In November, Sara Stovall was grappling with a health insurance premium that had skyrocketed from $940 a month to $3,000 for her family of four in the Charlottesville market, which found itself with the highest rates in the country.

Now Stovall says she has a better idea of why this area’s rates are so high. She believes Optima Health—the area’s only individual policy provider—used a factor in calculating health insurance premiums that the U.S. Department of Health and Human Services forbids—and she says its incoming CEO admitted as much in a December 14 meeting.

Stovall and fellow Charlottesville resident Ian Dixon met with Optima CEO Michael Dudley and his successor, Dennis Mathias. It was there that in explaining why Charlottesville’s rates are so high, according to Stovall and Dixon, Mathias said, “The morbidity of the people buying in this marketplace is higher than other parts of the state.”

The two say Dudley further explained that morbidity is “how sick people are.”

And that’s a big no-no in HHS’ 2018 Unified Rate Review Instructions: “Geographic factors may not reflect differences in morbidity by region.”

To Dixon and Stovall, inclusion of morbidity as a factor would explain why a Charlottesvillian would pay 68 percent more for a bronze health plan than someone in the Hampton Roads area.

They point out that Optima’s filings use an area rating factor for Charlottesville that’s 58 percent higher than Hampton Roads—but they say Anthem’s area rating for Charlottesville was lower than Hampton Roads. “There’s no history of our area being rated this high,” says Dixon.

Another factor they question is the difference between Optima’s individual policy rates and the small group rates it offers businesses. In Charlottesville, the small group rate is significantly lower than an individual plan, despite both using the same providers and the same provider reimbursement rates, says Dixon.

“We don’t see any justification for the 58 percent difference from small group and individual rates,” says Stovall.

“They said small groups are healthier,” says Dixon. “The health of the population and morbidity cannot be used in setting the rates.”

In a statement from Optima’s Dudley, he does not address the question of whether morbidity was used in how the company calculated its Charlottesville premiums.

“We have carefully revisited our 2018 premium calculations,” and determined the calculations were accurate, reviewed by third-party actuarial experts and approved by the Virginia Bureau of Insurance and the Centers for Medicaid and Medicare Services, he says.

Optima did not respond to a question about the statements allegedly made by Dudley and Mathias on morbidity, but says, “This is a very complex issue, and we correctly addressed all appropriate adjustments in accordance with state and federal laws, and, as required by the regulations, the geographic factors did not reflect differences in morbidity by region.

Stovall and Dixon met with people from Virginia’s Bureau of Insurance, and say that while those in the meeting initially were skeptical about their concerns, “by the end of the meeting they felt our concerns were valid,” says Stovall.

“You’ll have to rely on what they’re telling you as far as the meeting goes,” says Ken Schrad, spokesperson for the State Corporation Commission, under which the Bureau of Insurance resides.

“The bureau can always seek further information to be responsive to an inquiry or complaint from an already accepted filing,” he says.

Would Optima’s request for premium rates that are the highest in the country raise any red flags at the Bureau of Insurance?
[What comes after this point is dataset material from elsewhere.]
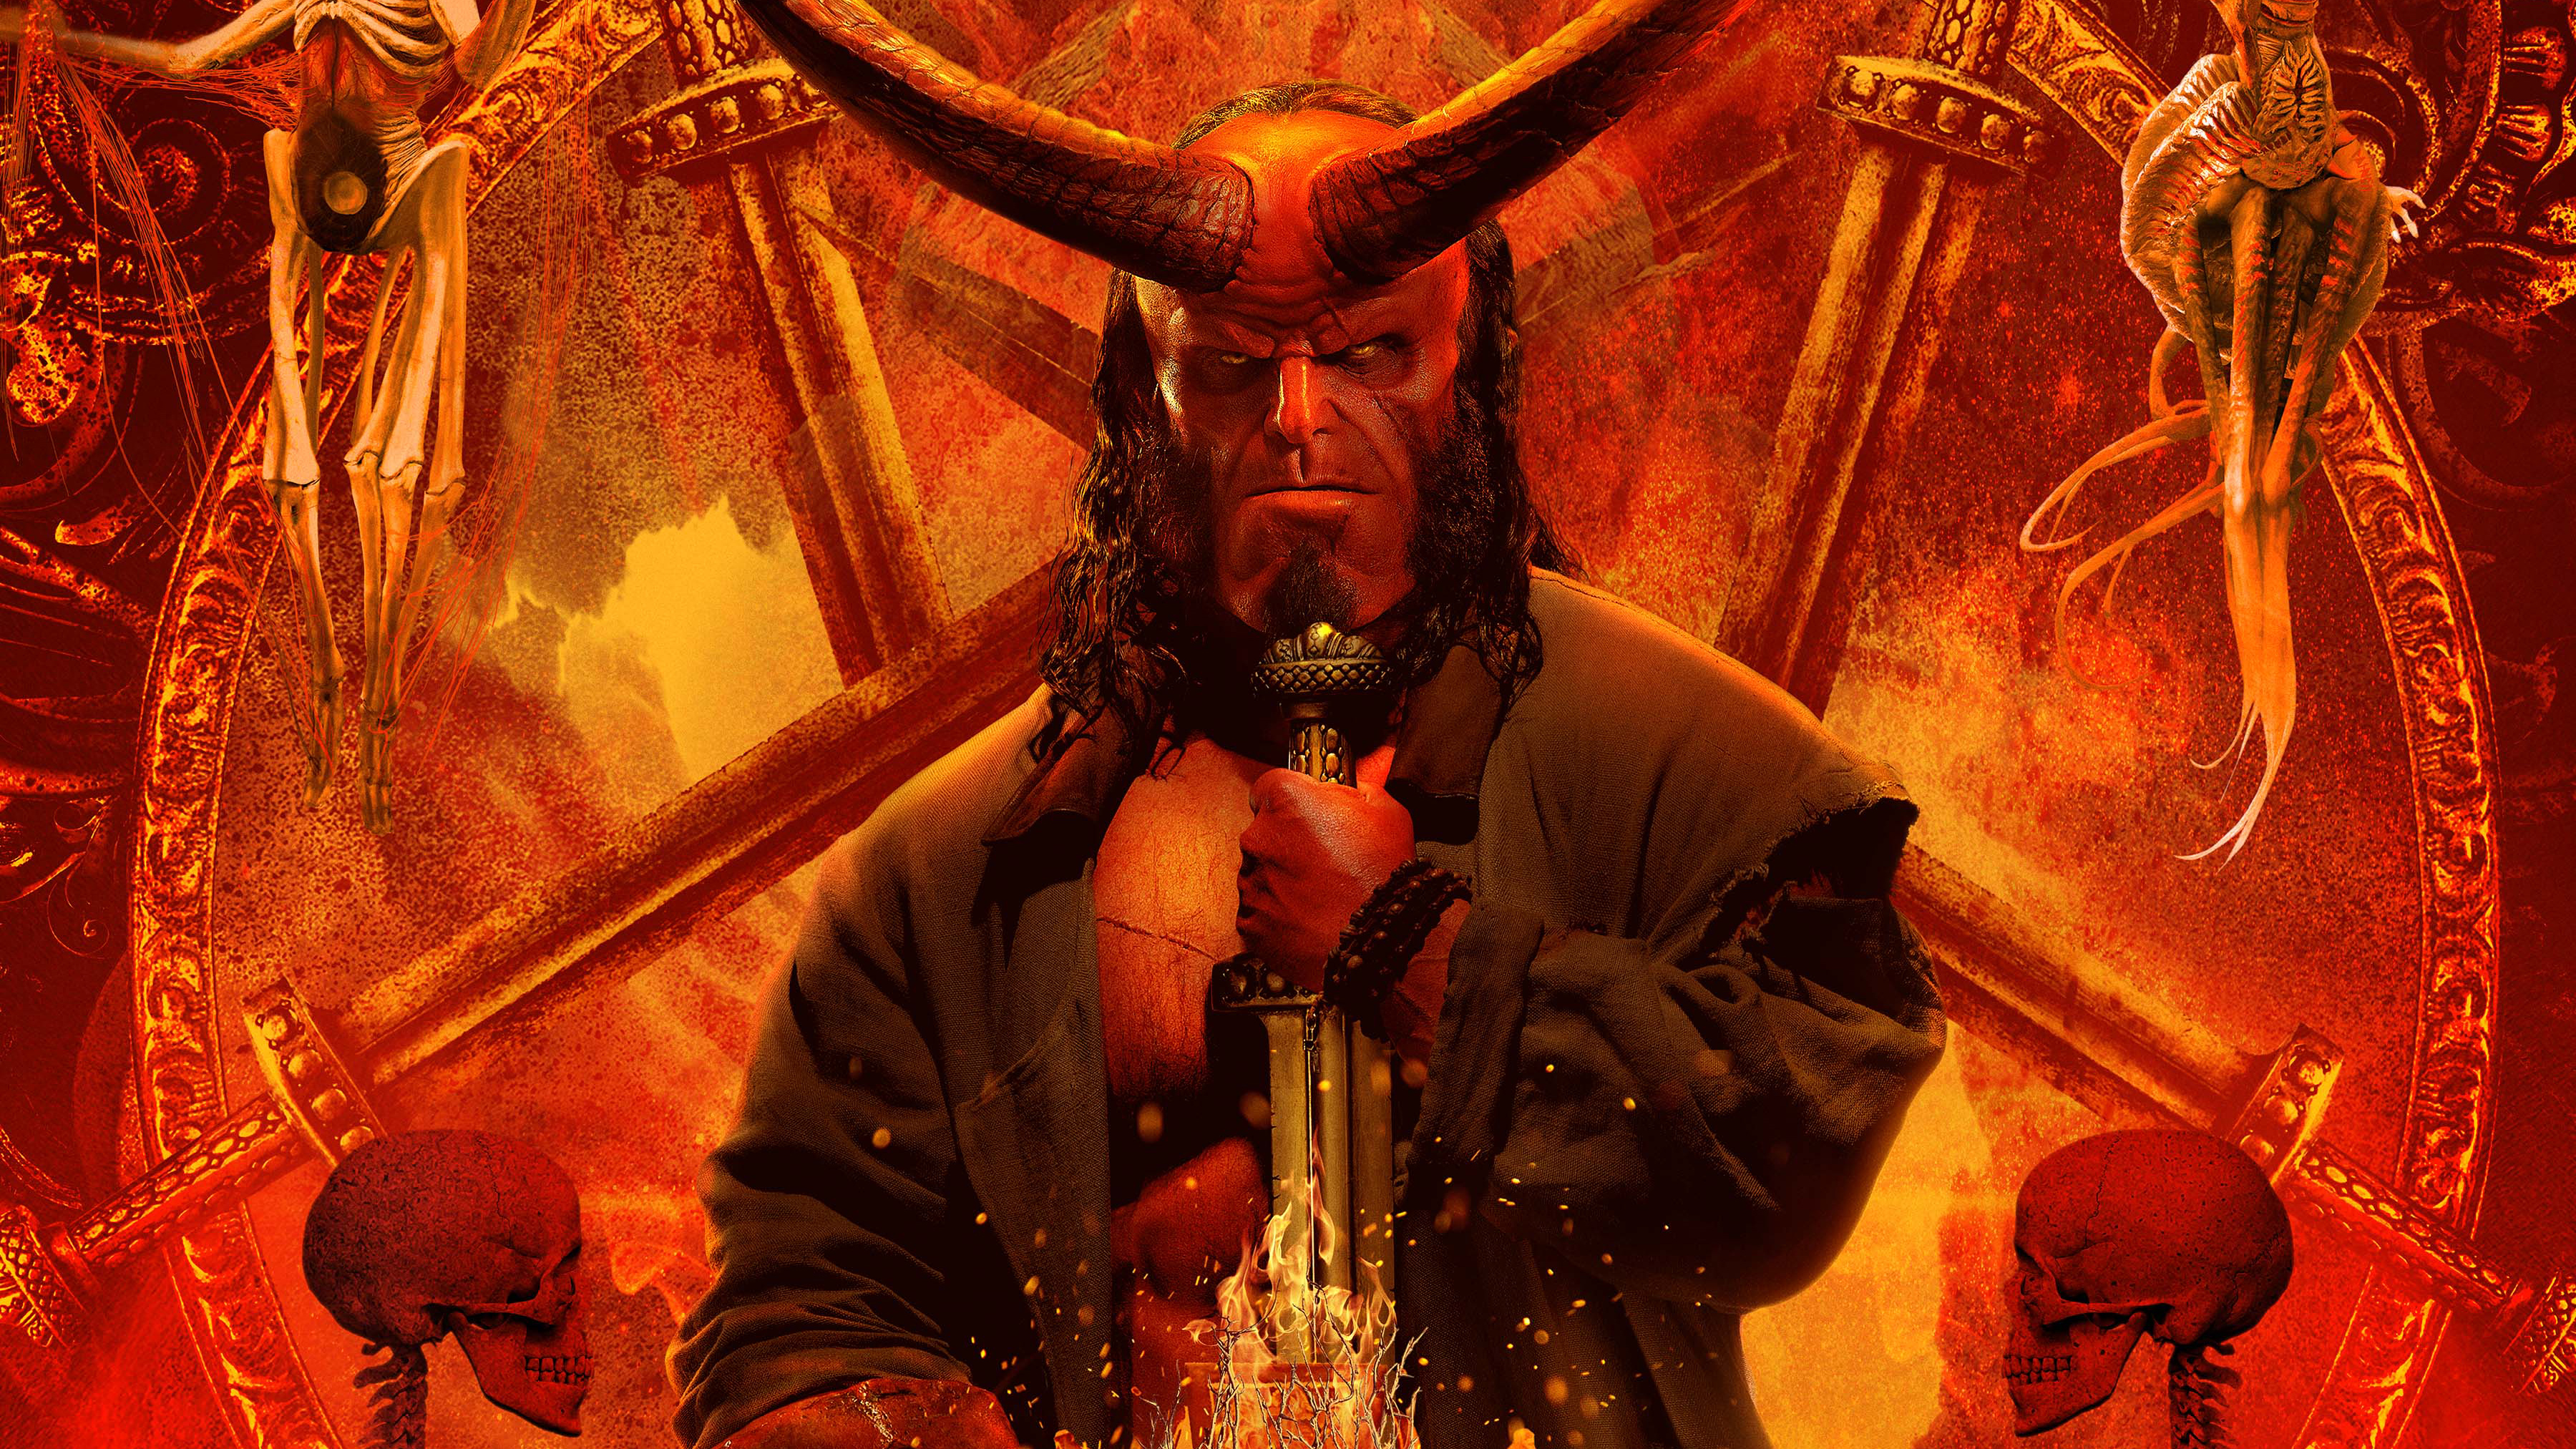 Wallpapers Hellboy 2019 Movies movies on the desktop

Says Schrad, “There’s so many factors that go into filing for insurance plans. To point out one factor alone as driving something would be hard to do.”

Optima maintains that when Anthem pulled out of the Charlottesville market, leaving zero insurance providers, despite business advisors telling the insurer to steer clear, it was asked by the commonwealth to come in and cover as many people as it could.

Optima Health is owned by Sentara, which also owns Sentara Martha Jefferson Hospital here. Optima did not respond to a question about whether that also was a factor in its decision to offer coverage here.

The company did say it had lost more than $30 million in the past three years in Virginia under the Affordable Care Act and this “is not sustainable.”

And Dudley’s response to Stovall and Dixon suggests they move on. “The reality is that premium rates are locked in for 2018,” he says. He adds the wish that “Washington would establish an environment that allows for affordable health plans.”

While Dixon considers the response “evasive” in not addressing “the crux of our complaint about morbidity,” he and Stovall are with Dudley on one point. They plan to escalate with the Bureau of Insurance and go back to their senators and congressman to figure out why Charlottesville can’t get affordable care.

Updated December 27 with Optima’s denial that morbidity was used to calculate Charlottesville’s health insurance premiums.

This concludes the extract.